The published data is a Reuters Domain Model RDM Market price message, which is an OMM Field List where the field entries are name-value data pairs. We will use a custom service to publish the sample derived data from the database and distinguish it from market data provided by Thomson Reuters. The Provider class in our application handles all the publishing tasks. It maintains a handle to all the published items, and publishes an Image or an Update message.

    	
            

FieldList fieldList = EmaFactory.createFieldList();

 

data.forEach((key ,value) -> {

  int fid = key.intValue();

  int dValue = value.intValue();

  // add read data into OMM fieldlist

  fieldList.add( EmaFactory.createFieldEntry().real(fid, dValue, OmmReal.MagnitudeType.EXPONENT_NEG_2));

});

Here the data from file which has been parsed into a Key/Value Map by Scanner class is marshaled into an OMM FieldList which is then packaged as a Refresh or Update message and published by OMMProvider.

Sample code

The sample code for this article is available in src directory. This sample uses Java, EMA and MySQL database.

Testing

To check the end-to-end process flow, start the sample by providing a TREP Service name, ADS host name etc on the command line. You must be entitled to publish on this service and can refer to [EMA Quick Start and Tutorials - NI Provider] (https://developers.refinitiv.com/elektron/elektron-sdk-java/learning?content=12016&type=learning_material_item) on how to set this up. Upon successful startup, the console window should display API messages showing successful login to ADS, and that the application is monitoring the target directory for database files.
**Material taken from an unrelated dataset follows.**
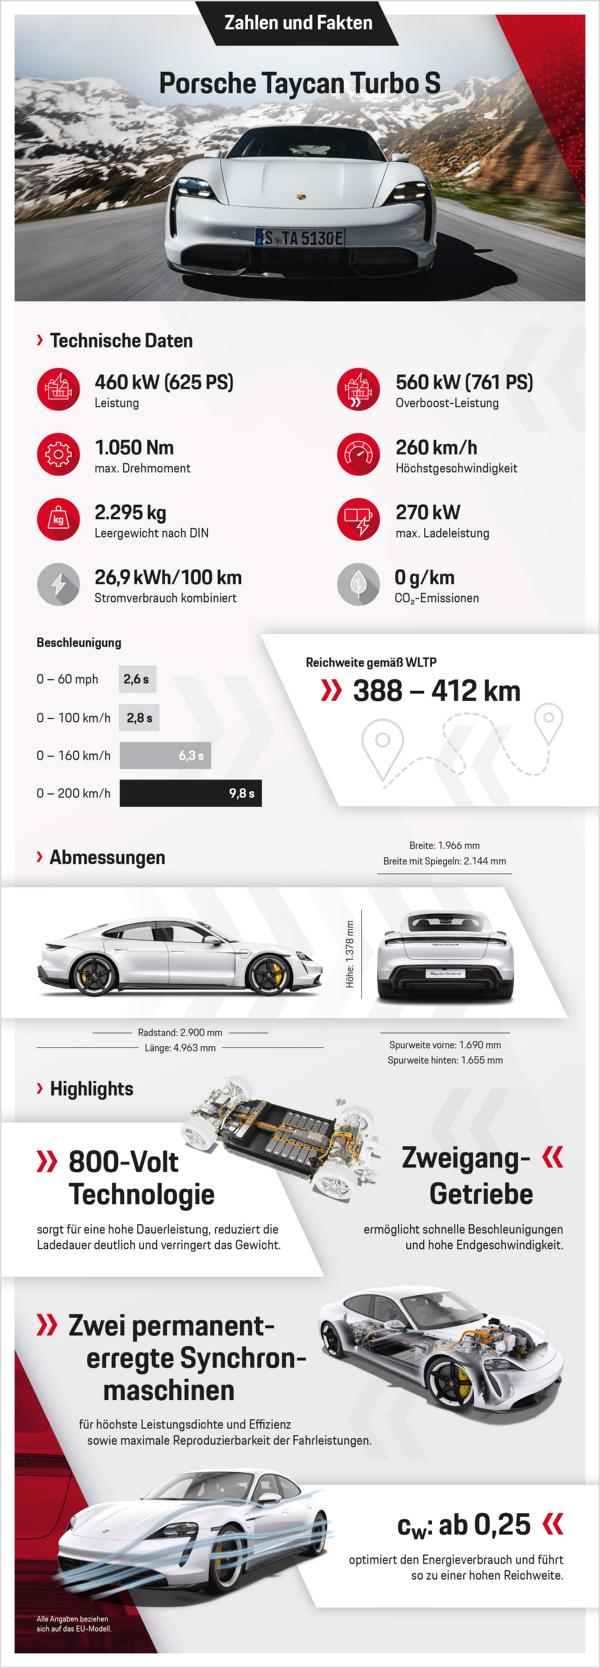 Unter Strom: Elektro-Sportwagen Porsche Taycan (2019)

Whenever any new data is inserted into the target table, our trigger autopublish1 will be invoked which will write it to a file, and that data will be picked up by Scanner and published out to TREP.

    	
            

Started monitoring: C:\Temp

Processing file: newData3.csv

Publishing: INSTR3, data: {22=1476, 25=1492}

Outgoing Reactor message (Tue Jan 17 10:41:48 EST 2017):

<!-- rwfMajorVer="14" rwfMinorVer="1" -->

<REFRESH domainType="MARKET_PRICE" streamId="-1" containerType="FIELD_LIST" flags="0x48 (HAS_MSG_KEY|REFRESH_COMPLETE)"
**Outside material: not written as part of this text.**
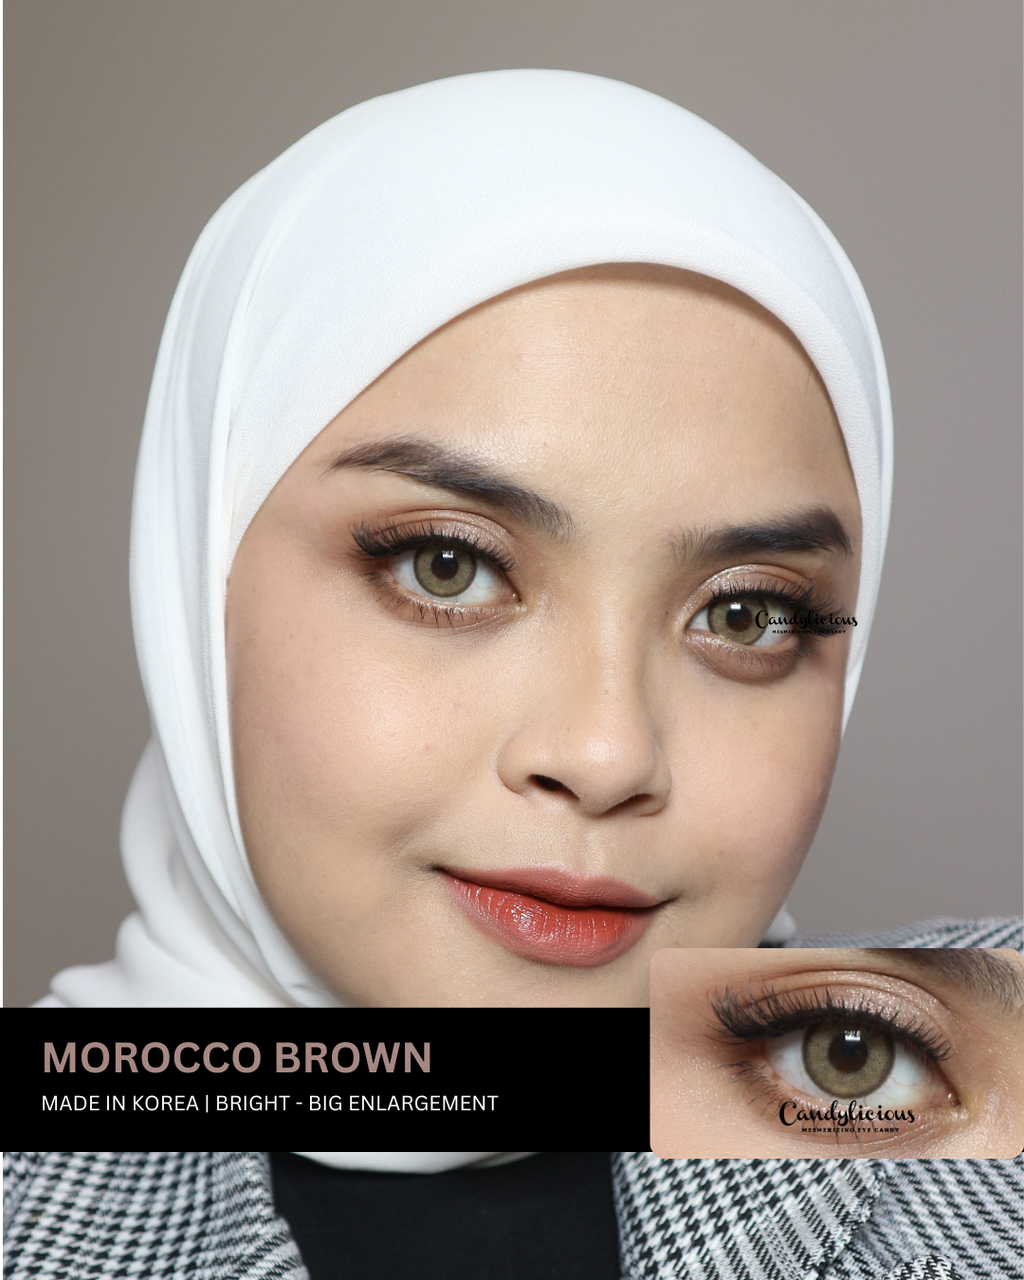 Morocco Brown

groupId="0" State: Open/Ok/None - text: "UnSolicited Refresh Completed" dataSize="15">

    <key flags="0x03 (HAS_SERVICE_ID|HAS_NAME)" serviceId="0" name="INSTR3"/>

    <dataBody>

        <fieldList flags="0x08 (HAS_STANDARD_DATA)">

            <fieldEntry fieldId="22" data="0C05 96"/>

            <fieldEntry fieldId="25" data="0C06 BA"/>

        </fieldList>

    </dataBody>

</REFRESH>

 

Processing file: newData3.csv

Publishing: INSTR3, data: {22=1442, 25=1745}

Outgoing Reactor message (Tue Jan 17 10:43:23 EST 2017):

<!-- rwfMajorVer="14" rwfMinorVer="1" -->

<UPDATE domainType="MARKET_PRICE" streamId="-1" containerType="FIELD_LIST" flags="0x08 (HAS_MSG_KEY)" updateType="0" dataSize="15">

    <key flags="0x03 (HAS_SERVICE_ID|HAS_NAME)" serviceId="0" name="INSTR3"/>

    <dataBody>

        <fieldList flags="0x08 (HAS_STANDARD_DATA)">

            <fieldEntry fieldId="22" data="0C05 96"/>

            <fieldEntry fieldId="25" data="0C06 BA"/>

        </fieldList>

    </dataBody>

</UPDATE>

Any market data subscriber is able to receive the resulting image and update messages from TREP.

    	
            

Jan 17, 2017 10:43:15 AM com.thomsonreuters.ema.access.ChannelCallbackClient reactorChannelEventCallback

INFO: loggerMsg

    ClientName: ChannelCallbackClient

    Severity: Info

    Text:    Received ChannelUp event on channel Channel

        Instance Name EmaConsumer_1

        Component Version ads2.6.1.L1.linux.rrg 32-bit

loggerMsgEnd

 

Item Name: INSTR3

Service Name: TD

Item State: Open / Ok / None / 'UnSolicited Refresh Completed'

BID(22): 14.76

ASK(25): 14.92

 

Item Name: INSTR3

Service Name: TD

BID(22): 14.42

ASK(25): 17.45

References

Glossary

TREP: Thomson Reuters Enterprise Platform

ADS: Advanced Distributing Server

EMA: Elektron Message API

JDBC: Java Database Connectivity

ODBC: Open Database Connectivity

OMM: Open Message Model